# Trying Transit In L.A.



## WhoozOn1st (Feb 27, 2010)

This L.A. Times "Column One" feature is about a young woman - a midwestern transplant to Los Angeles - who turns to riding the bus when facing newly-reduced circumstances (though not so reduced that she moves from pricey Brentwood). It includes a fairly ridiculous passage about riding the bus under the influence, but better that than driving, right?

Riding the bus changes her view

"Carr represents a relatively small but highly important segment of the MTA's passenger base: people who could commute by car but take the bus instead. Such 'discretionary riders' currently make up a little more than a quarter of total ridership.

"Transportation officials consider people like Carr central to the agency's future as it builds more rail lines with hopes of easing congestion by getting people out of their cars."

The article notes that the young woman has been blogging her bus experiences, and you can check that out as well:

Snob on a Bus

Seems like kind of a ditz, but it takes all kinds, I guess.


----------



## Ozark Southern (Jun 11, 2010)

WhoozOn1st said:


> This L.A. Times "Column One" feature is about a young woman - a midwestern transplant to Los Angeles - who turns to riding the bus when facing newly-reduced circumstances (though not so reduced that she moves from pricey Brentwood).
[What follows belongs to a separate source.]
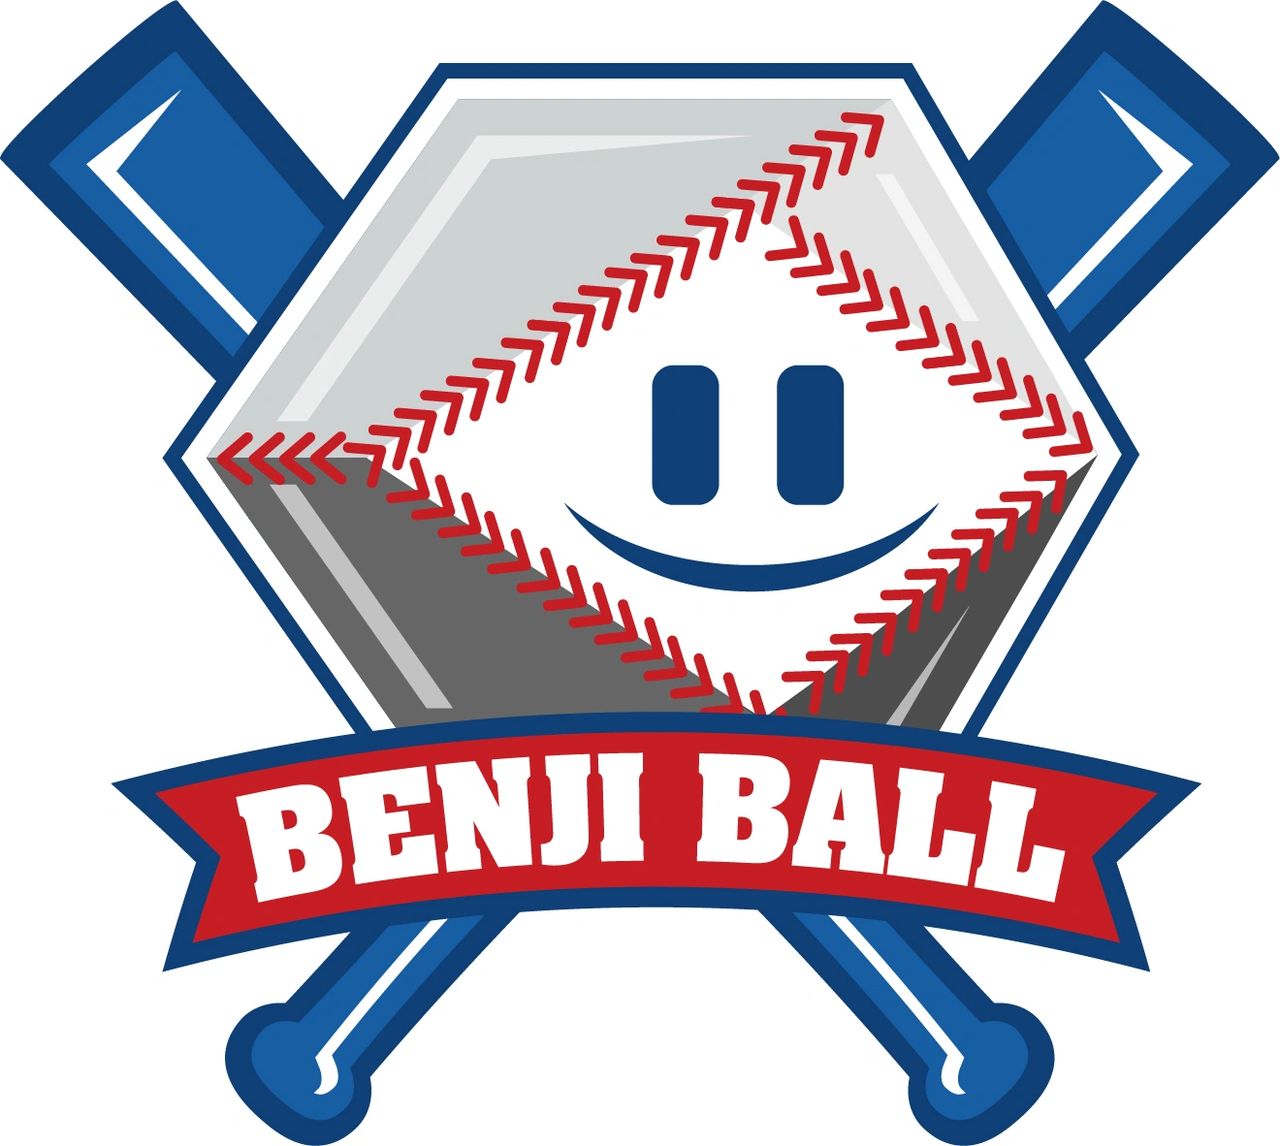 Benjiball logo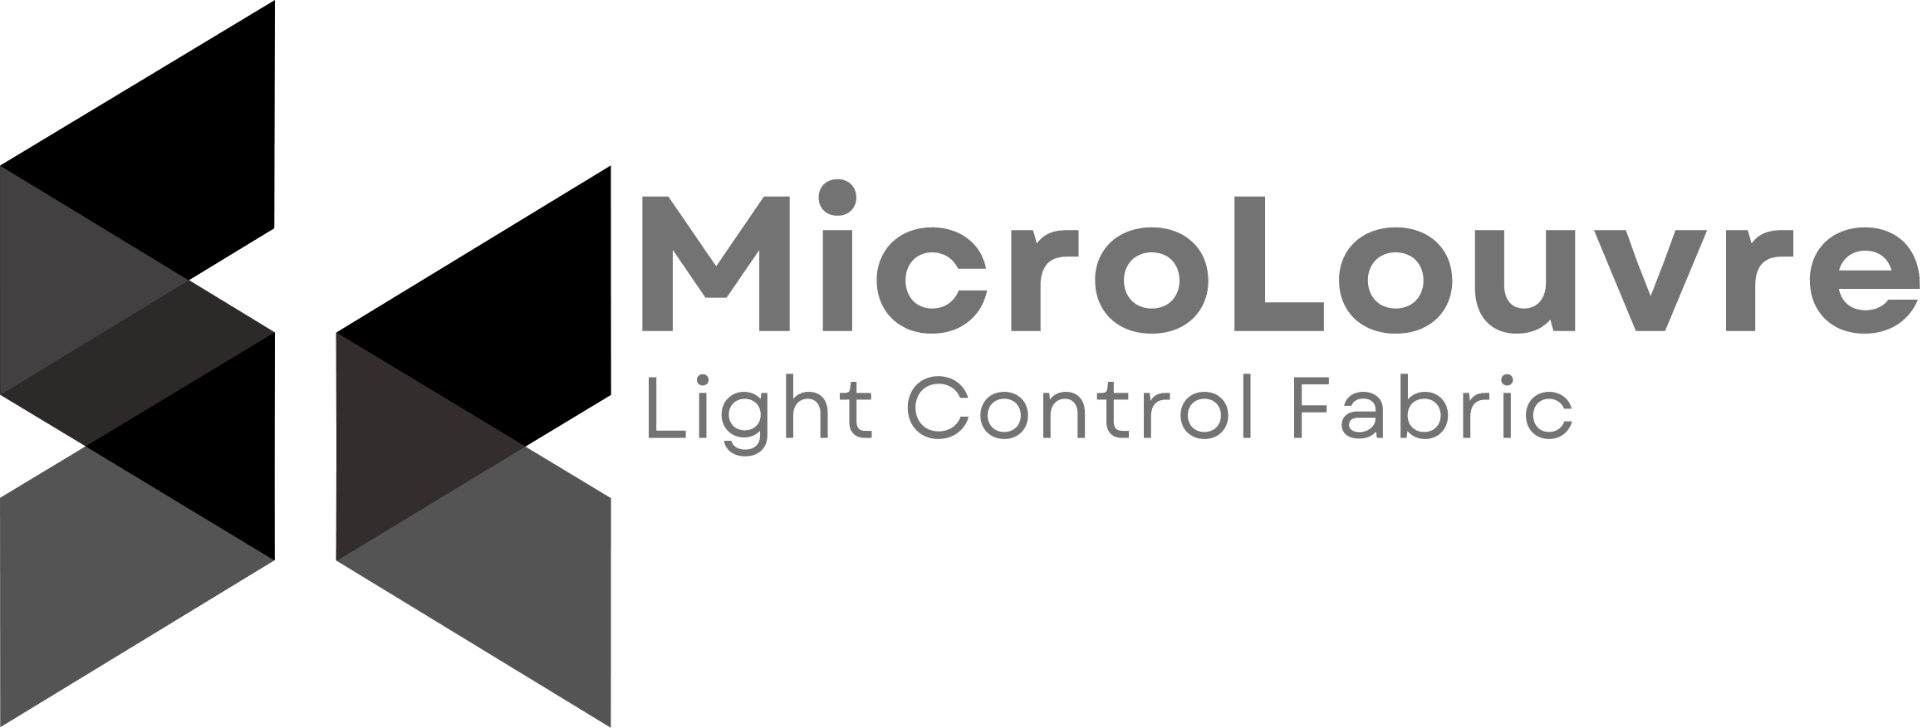 microlouvre logo

It includes a fairly ridiculous passage about riding the bus under the influence, but better that than driving, right?
> Riding the bus changes her view
> 
> "Carr represents a relatively small but highly important segment of the MTA's passenger base: people who could commute by car but take the bus instead. Such 'discretionary riders' currently make up a little more than a quarter of total ridership.
> ...


I recently took a job in Springfield (quite a change from the small rural community in which I used to work), and I discovered there is a bus stop that services my office building. So I've tried mass transit for the last week, and I have to say that although it is much slower than driving, I get so much more accomplished in a day. I can read, write in my journal, work on my thesis, etc.--all things not possible (safely) while driving. I still drive to work, as I come in from out of town, but on my lunch hour or when running an errand after work, the city bus has proven to be quite convenient. Plus, the stories I hear have opened my eyes to a new world. So now that I've become one of those 'discretionary riders,' I have to say my quality of life has improved dramatically. The frustration of driving in a big city--the primary reason I take Amtrak to the cities--has now been eliminated from my daily commute to a small city as well.


----------